Is the person Jewish?
The empirical question. Halacha, paternal lineage, conversion, self-identification — we accept evidence from any reasonable source. A 5 means there is no question. A 0 means there is also no question, in the other direction.
How openly Jewish?
Plenty of Jews don't talk about it. Plenty of Jews can't shut up about it. This score rewards visibility — the bagels, the Borscht Belt, the bar mitzvah on Curb. A high O is for those who carry it on their sleeve, and a low O for those who keep it in the drawer.
How much do they matter?
The contribution score.

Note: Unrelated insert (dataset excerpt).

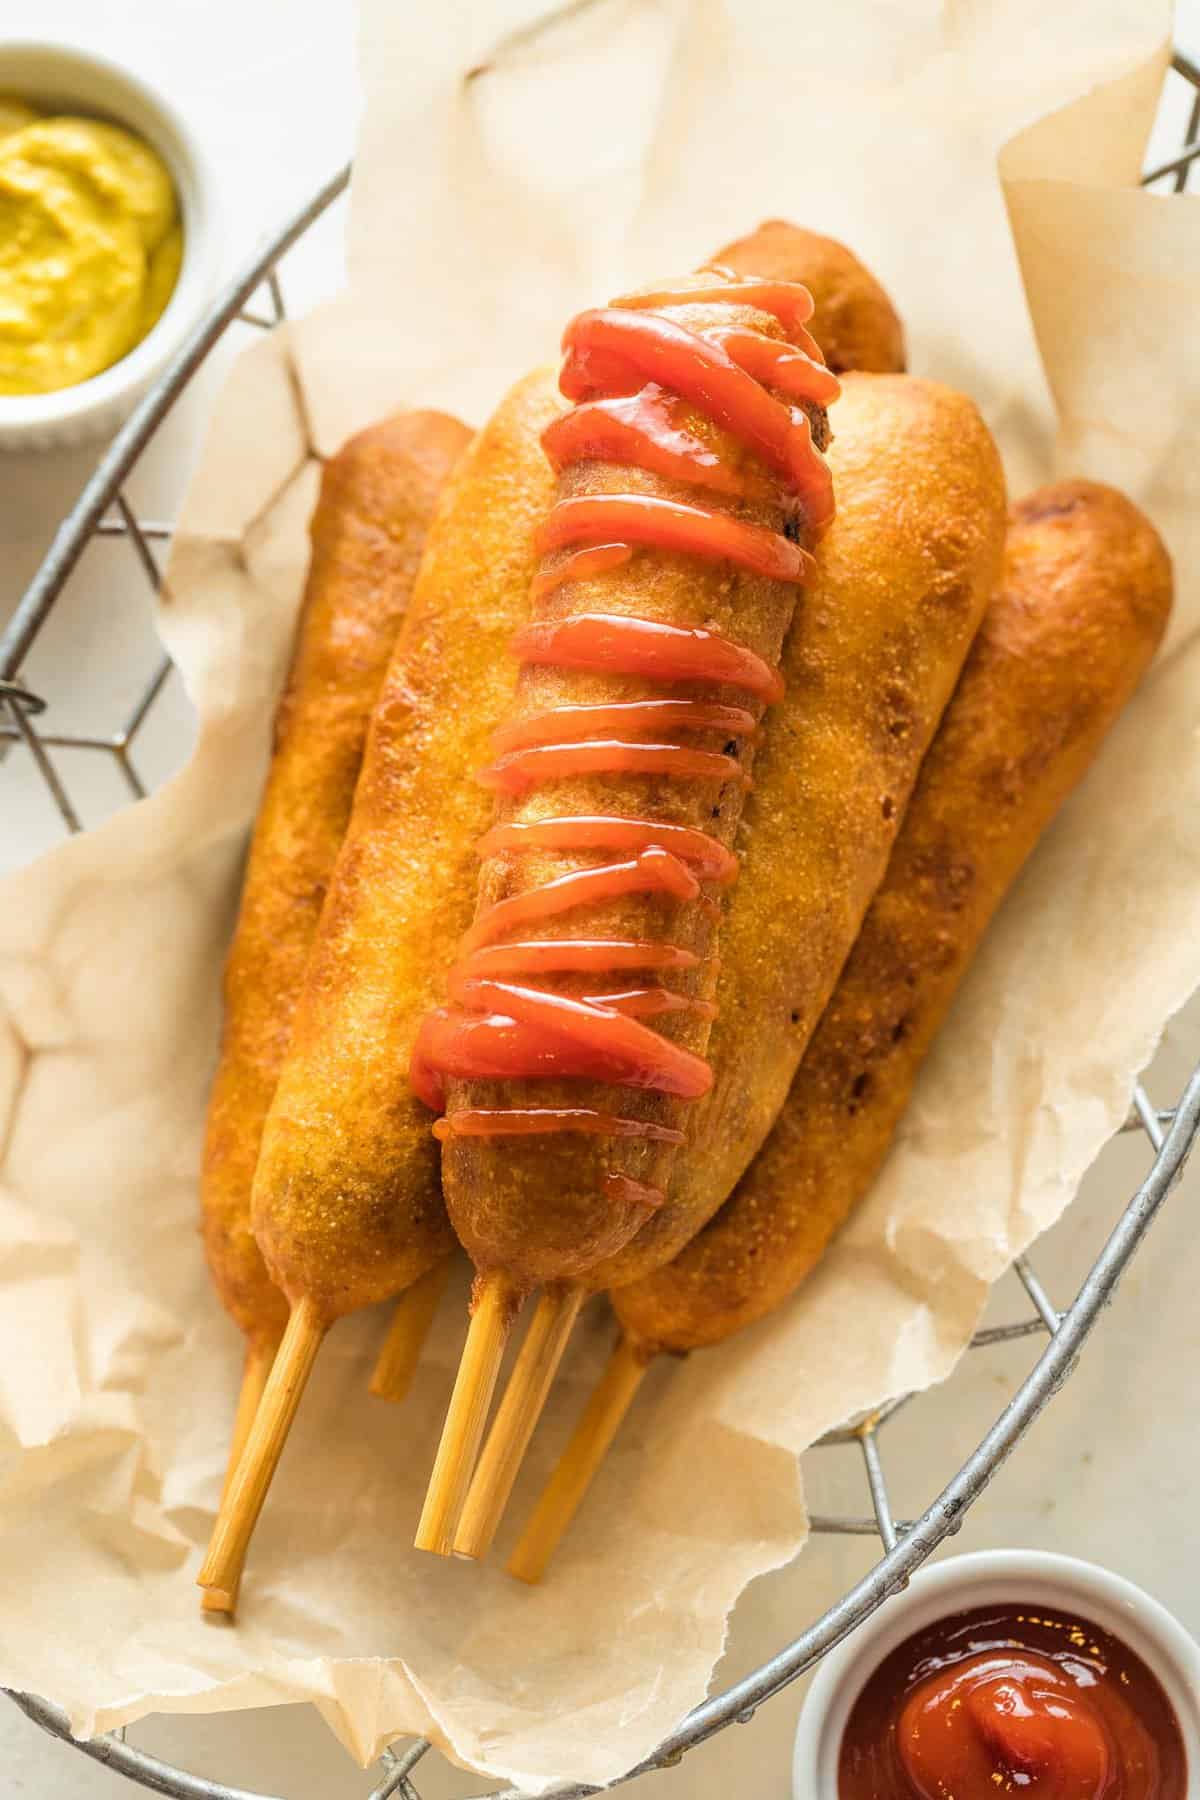 Corn dogs on a platter with a drizzle of ketchup.

Have they done something — for art, science, comedy, the people, the world — that registers? Does their Jewishness shape the work, or vice versa? A high K is for legends. A low K is for that guy you've never heard of who once owned a deli.
Verdict thresholds
- 9–15 — Jew. Tribe.
- 4–8 — Borderline Jew. Discuss.
- 0–3 — Not a Jew. Sorry.
Editors reserve the right to override the verdict for cause. This is not a peer-reviewed journal.